Смысловые поля слов постоянно меняются. И это же касается также и цветов. Многим современным людям кажется, что лексика всегда была неизменной. А уж слова «жёлтый» или «зелёный» всегда имели именно такие значения, как сейчас. Но возникнет ли в сознании древнего нашего предка тот же образ, что и у современника, говорящего о синем небе? Синий – это сияющий, тёмно-голубой, пасмурно-чёрный? Какой он?
Языки постоянно изменяются. Меняется ли в связи с этим восприятие их носителей? Вопрос более сложный и завораживающий.

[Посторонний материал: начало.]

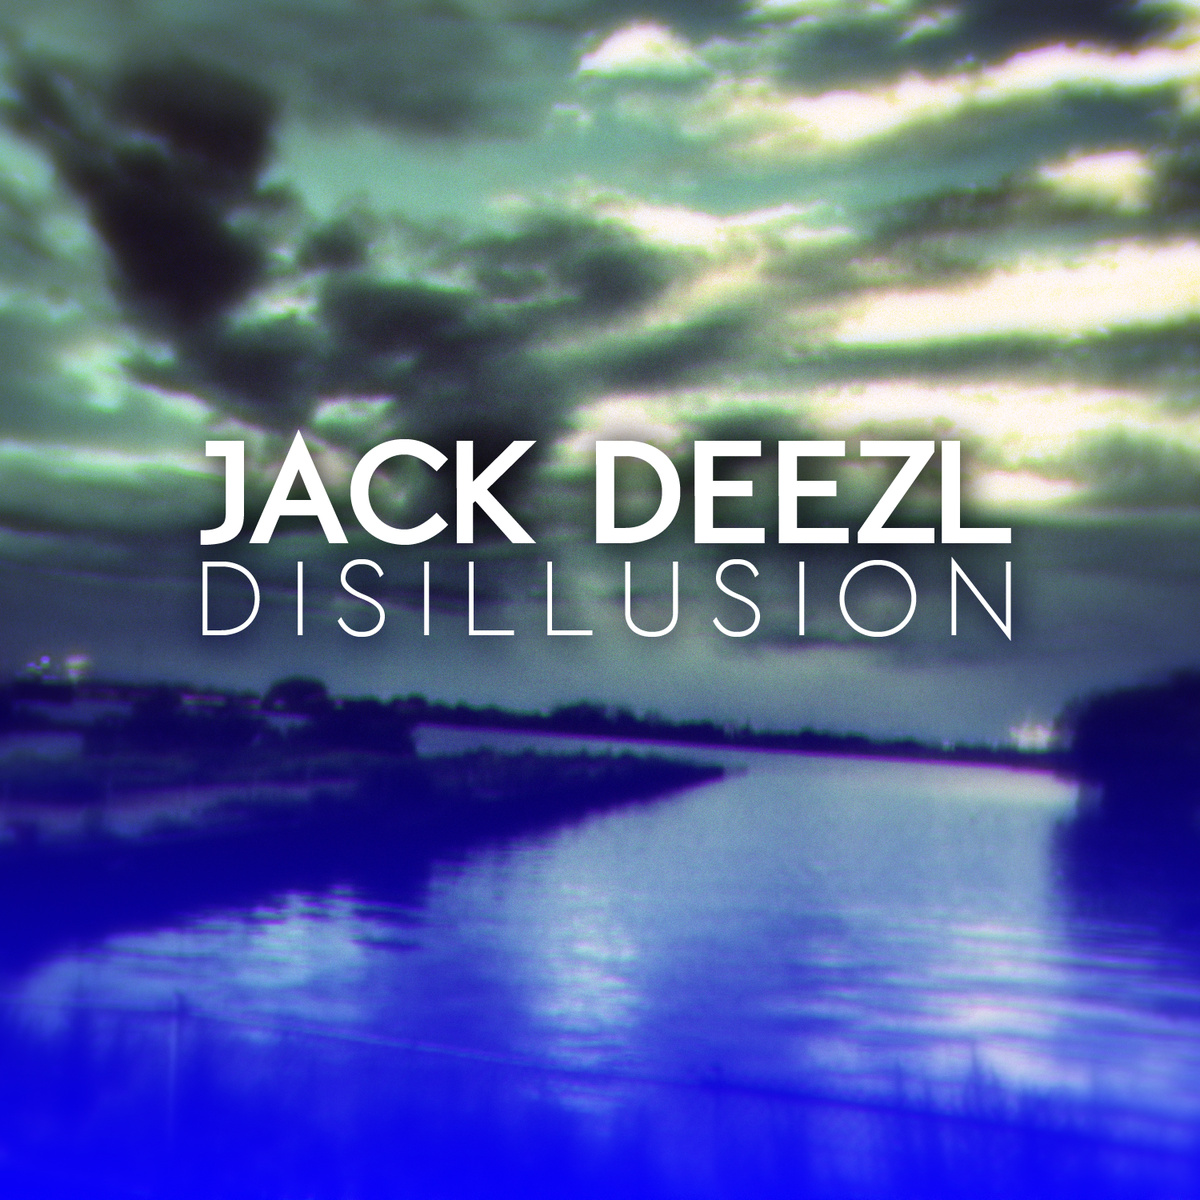 Disillusion(). Jack speak

В прошлом веке лингвист Бенджамин Ли Уорф (Benjamin Lee Whorf) обратил своё внимание на то, что в языке эскимосов есть многие десятки специальных слов для обозначения белого снега. И выдвинул предположение, что структура языка влияет на мировосприятие его носителей.
Описывая свою теорию лингвистической относительности[8], он замечает: «У нас одно и то же слово для падающего снега, снега, лежащего на земле, утрамбованного, подобного льду снега, клейкого снега, снега, переносимого ветром, – писал в своей статье Уорф. – Для эскимоса существование такого всеобъемлющего слова просто немыслимо. Он бы сказал, что падающий снег, клейкий и т. д. – понятия разные и в плане употребления, и в плане восприятия. Он использует для них и для других видов снега разные слова».
Влияют ли особенности смысловых полей разных слов на мышление человека?
Обратимся к описанию пространства. Стивен Левинсон из Института психолингвистики Общества Макса Планка в своих исследованиях установил, что существует три базовых способа вербально описывать пространство. В русском, как и в большинстве других современных языков, используются все три. Но есть культуры, языки которых содержат только одну. Например, в языке австралийской народности гуугу-йимитир для описания местоположения предметов используются только направления по сторонам света[9]. То есть представитель этой малой народности скажет, что стол находится к югу от стула, а собака сидит к западу от стола. На этот язык не получится перевести «слева» или «справа» от человека. Описание пространства не относительно сторон света, а относительно говорящего будет невыполнимой задачей для них.
В китайском языке также интересная модель описания пространственной ориентации. Скажем, китаец просит вас спуститься по лестнице. Используем слово «ся» (下) – это «спуститься». Если говорящий уже находится внизу, то он скажет «ся-лай» (下来). Если же он сам находится вверху, то «ся-цю» (下去). Подобно и с другими глаголами движения. На русский это можно попробовать передать как «спустись-подойди» (下来) или «спустись-отойди» (下去). В данной модели описания пространственного движения ключевым моментом является положение говорящего. Так же, как с моделью «право-лево». Нет говорящего – нет ни правого, ни левого. Для представителей австралийской народности гуугу-йимитир это всё непостижимо. Их способ описания мира не содержит такой модели. Разумеется, это не означает, что они в принципе не способны это познать. Но в рамках культуры их мышления это необычайно сложно.
Особое отношение занимает вербальное описание времени. Но этому посвящена отдельная книга автора под названием «Время». Если вкратце.
В китайском языке «послезавтра» – это дословно «день позади меня» (前天). А «позавчера» – «день передо мной» (后天). Европеец или русский, образно, идёт вперёд, смотря лицом в будущее, а прошлое у него за спиной. А для китайца всё диаметрально противоположно. Будущее за спиной, оно неизвестно, его не видно. Прошлое перед глазами, оно известно, его можно наблюдать (в воспоминаниях).